The paradox of an all-inclusive is that someone still does the dishes. Not every desire is met, nor should they be, as we were in the state of Quintana Roo, with all of the Mexican laws in force. And even menus were promissory notes, awaiting daily shipments of fruit, menu items, and wait staffs.2 The desire for another drink is abated by the fact that the sun beats down and advises you otherwise; the desire to stay up all night and karaoke is thwarted by a staff who really does want to go home and sleep before the next day’s shift. The desire economy of the all-inclusive does a fairly good job of hiding most of these nuts and bolts, creating the illusion of an endless supply, but the fact that the various restaurants all had menus breaks the spell. And so, the difference between normal life and the all-inclusive fades—the mechanisms for our desires being met just becomes more invisible.
The illusion of the all-inclusive is that it really does meet our desires: for rest, for good food, for space, for time. Why else do people keep going back? What we seek only comes to us through desire, such that desire is not the villain but how those desires get met. The trick is that these desires ultimately only find their proper shape in the kingdom come, where the valleys are filled in and the mountains razed, one in which we learn that desires met involves being fed and feeding, eating and washing dishes, serving that we may be served.

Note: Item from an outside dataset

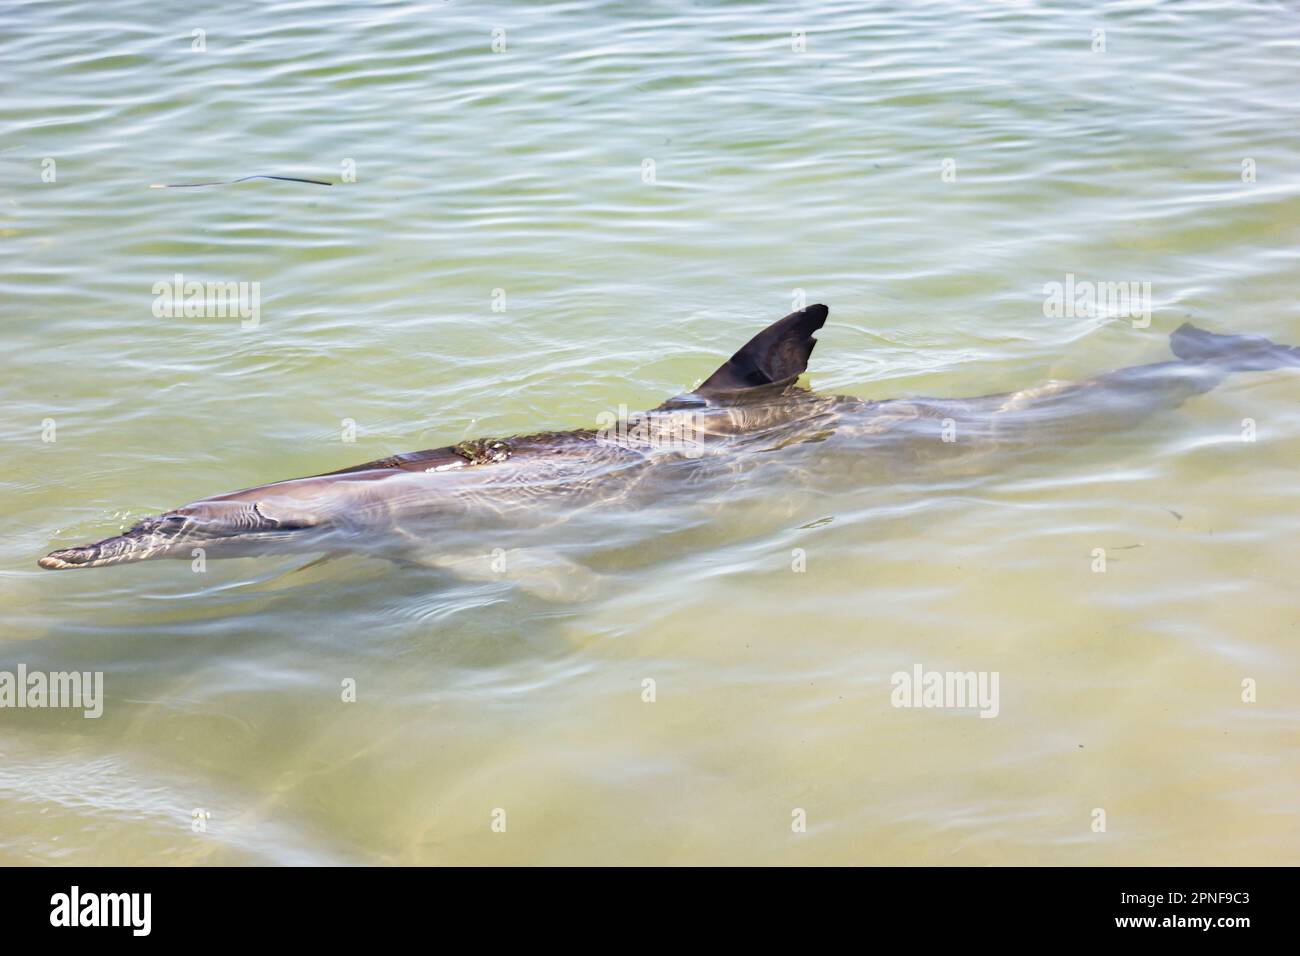 A dolphin swimming in the shallow water of Monkey Mia in Shark Bay of Western Australia, Australia. Stock Photo

In this desire for more just desires, we are invited into a bottomless pit. Both lust and love teach us this: a desire, one satisfied once, wants to be satisfied again. Our desire, shaped by that given by the Shepherd-LORD, takes us, we will find, into green grasses, a flowing stream, a banquet, all in the company of both the LORD and our enemies. For unless our desire encompasses those who we would keep out of the feast, our desire is not yet complete. It is not without reason that the context of this picture of desiring—the stream—is one which is always running, dry and more flush, but always running.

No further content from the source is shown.